Prudence (1978) was the fifth installment in the Romance novels, which started with Emily in 1975. If you discovered Cooper backwards, having started in Rutshire, the initial books, alternatively called “those ones named after upper-class women” – also Bella and Harriet – were close but no cigar, every protagonist feeling like a trial version for the iconic character, every heroine a little bit drippy. Plus, chapter for chapter (I can't verify statistically), there wasn’t as much sex in them. They were a bit reserved on topics of modesty, women always worrying that men would think they’re loose, men saying outrageous statements about why they liked virgins (in much the same way, ostensibly, as a genuine guy always wants to be the primary to open a tin of coffee). I don’t know if I’d suggest reading these stories at a formative age. I assumed for a while that that was what posh people actually believed.
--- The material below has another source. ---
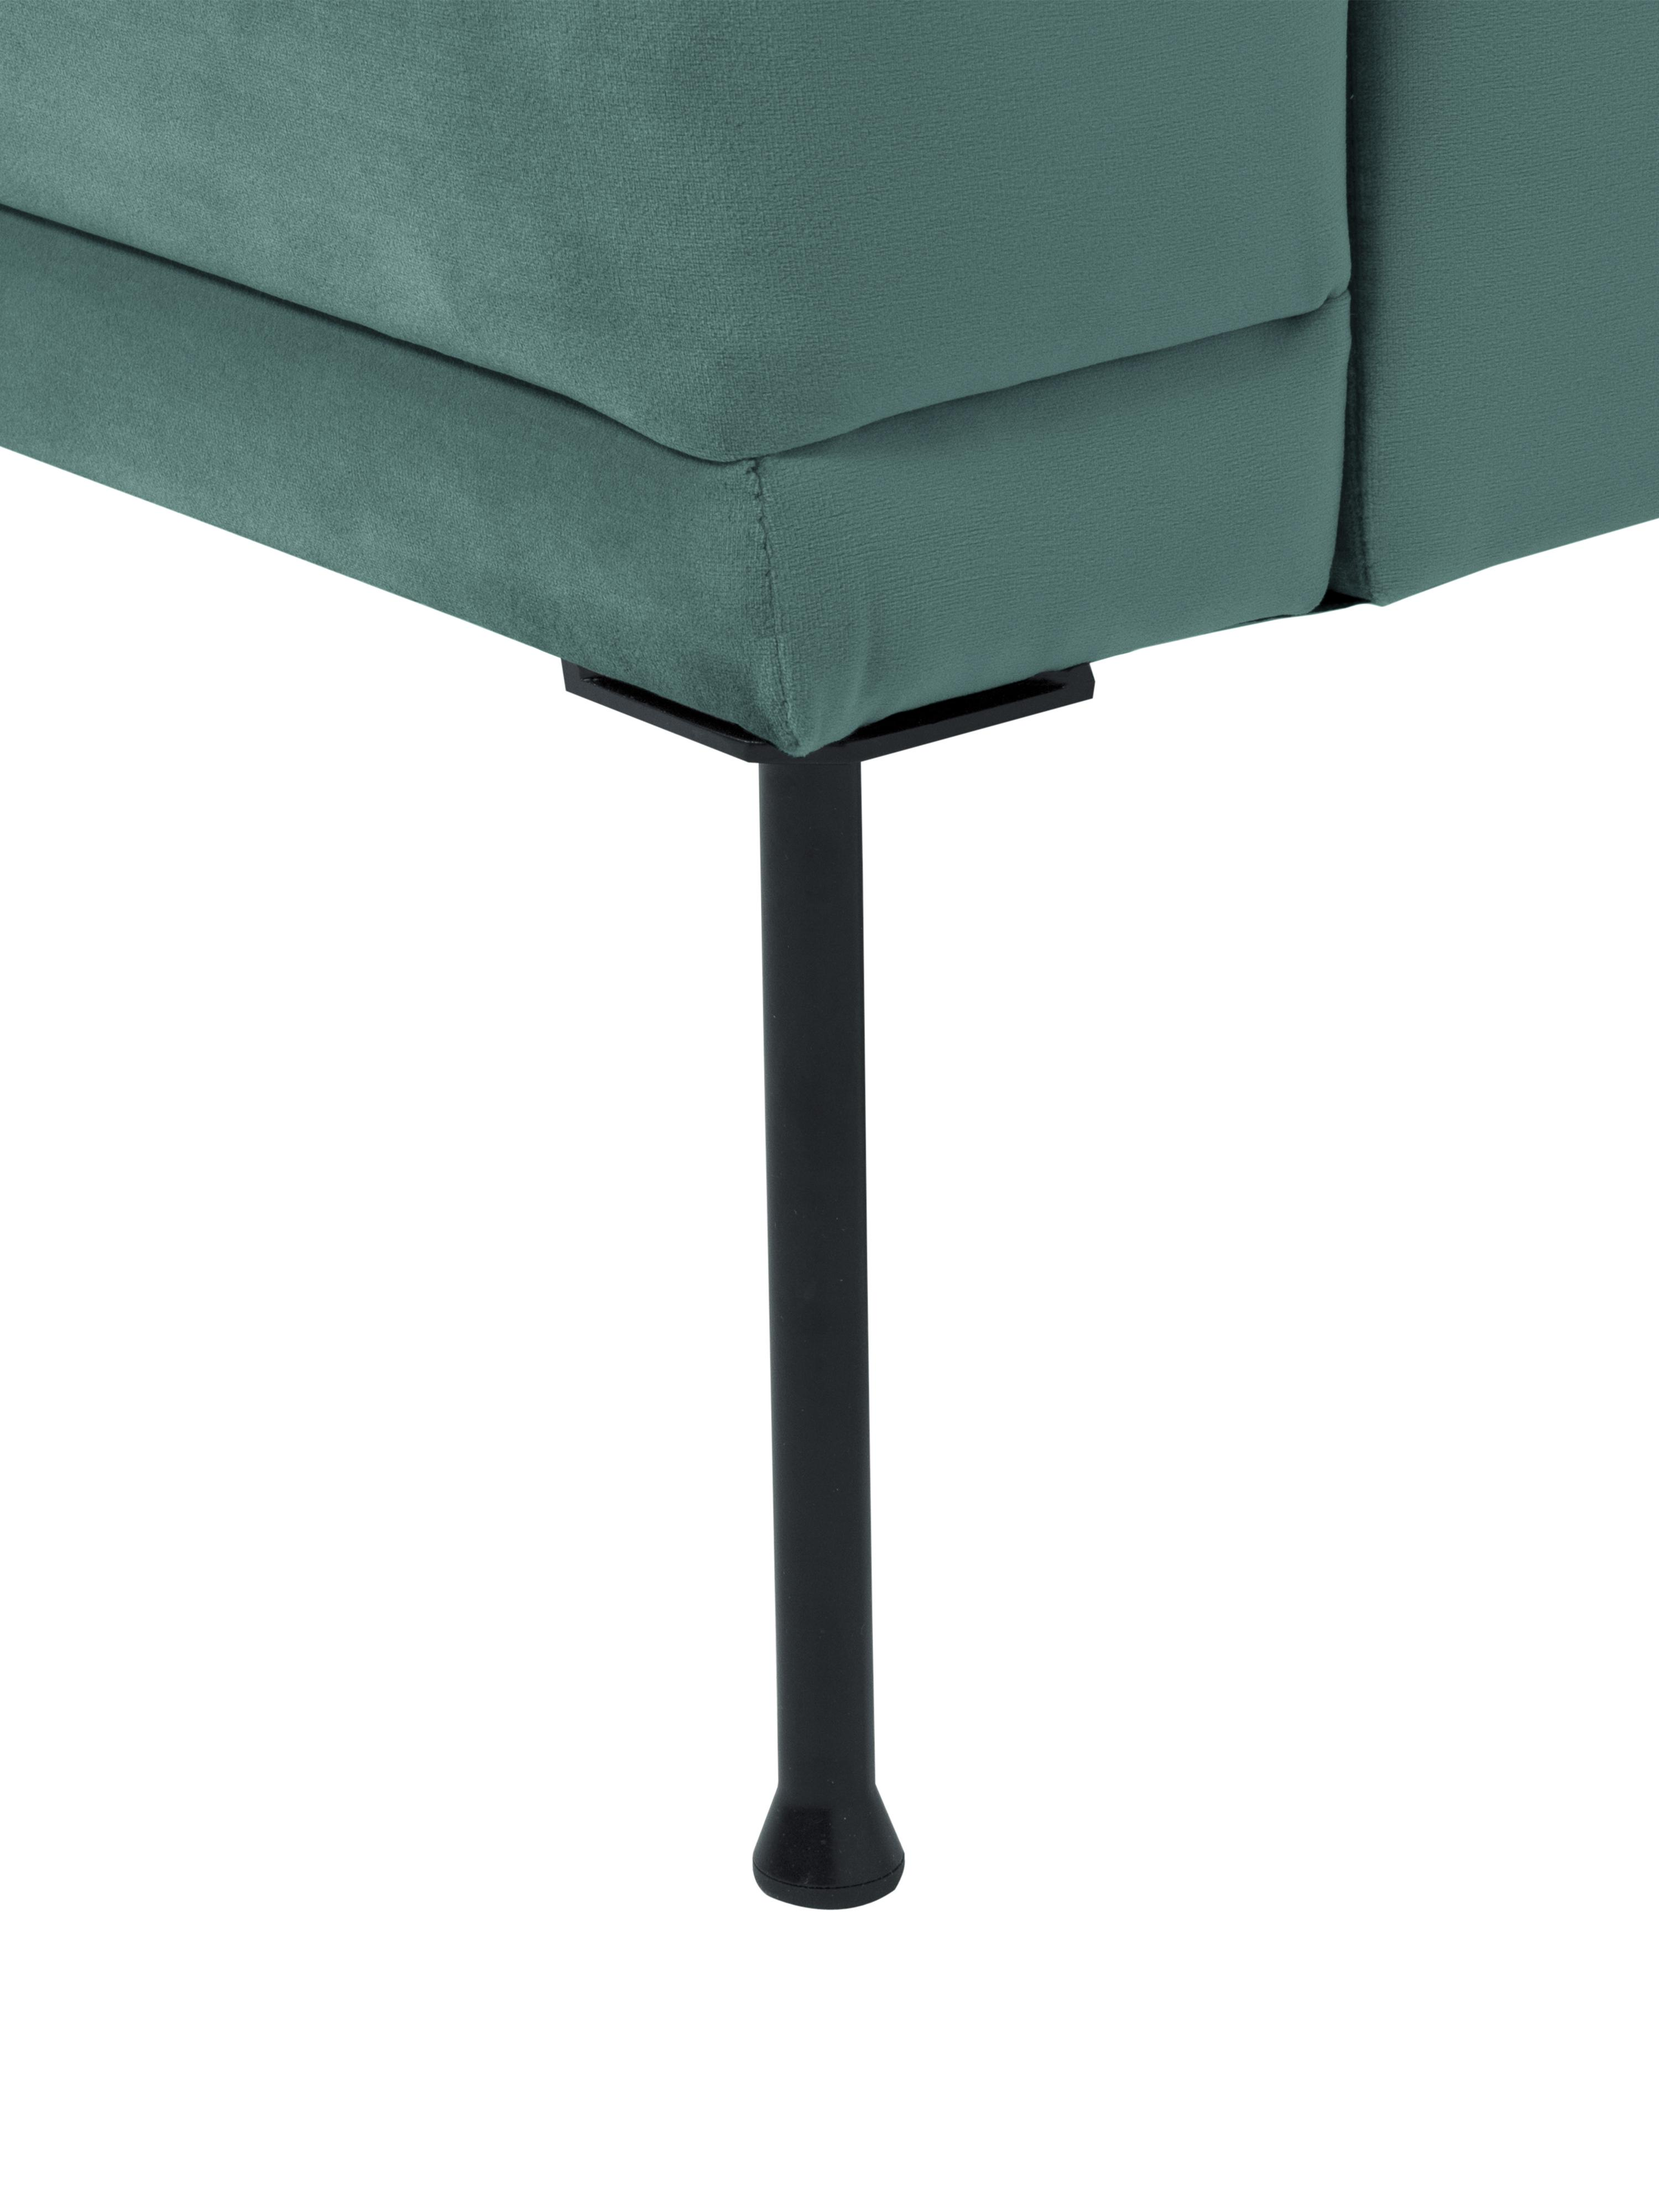 Samt-Sessel Fluente, Bezug: Samt (Hochwertiger Polyes, Gestell: Massives Kiefernholz, Füße: Metall, pulverbeschichtet, Samt Hellgrün, B 74 x T 85 cm

They were, however, extremely well-crafted, high-functioning romances, which is much harder than it seems. You lived Harriet’s unwanted pregnancy, Bella’s annoying relatives, Emily’s loneliness in Scotland – Cooper could take you from an hopeless moment to a lottery win of the heart, and you could not once, even in the initial stages, pinpoint how she did it. Suddenly you’d be chuckling at her highly specific depictions of the sheets, the subsequently you’d have watery eyes and little understanding how they appeared.

Writing Wisdom

Questioned how to be a writer, Cooper used to say the sort of advice that the famous author would have said, if he could have been inclined to guide a aspiring writer: utilize all all of your perceptions, say how things smelled and seemed and sounded and felt and flavored – it significantly enhances the writing. But likely more helpful was: “Always keep a notebook – it’s very hard, when you’re mid-twenties, to recall what age 24 felt like.” That’s one of the primary realizations you observe, in the more extensive, densely peopled books, which have seventeen main characters rather than just one, all with decidedly aristocratic names, unless they’re Stateside, in which case they’re called a common name. Even an age difference of four years, between two relatives, between a male and a lady, you can perceive in the speech.

A Literary Mystery

The origin story of Riders was so pitch-perfectly Jilly Cooper it might not have been accurate, except it absolutely is real because a London paper published a notice about it at the era: she finished the complete book in 1970, prior to the early novels, carried it into the city center and left it on a public transport. Some texture has been purposely excluded of this tale – what, for instance, was so significant in the urban area that you would leave the sole version of your book on a public transport, which is not that far from leaving your child on a transport? Surely an rendezvous, but which type?

Cooper was wont to amp up her own chaos and haplessness

Alyssa Doyle
Alyssa Doyle

A crypto enthusiast and gaming expert with a passion for blockchain technology and fair play.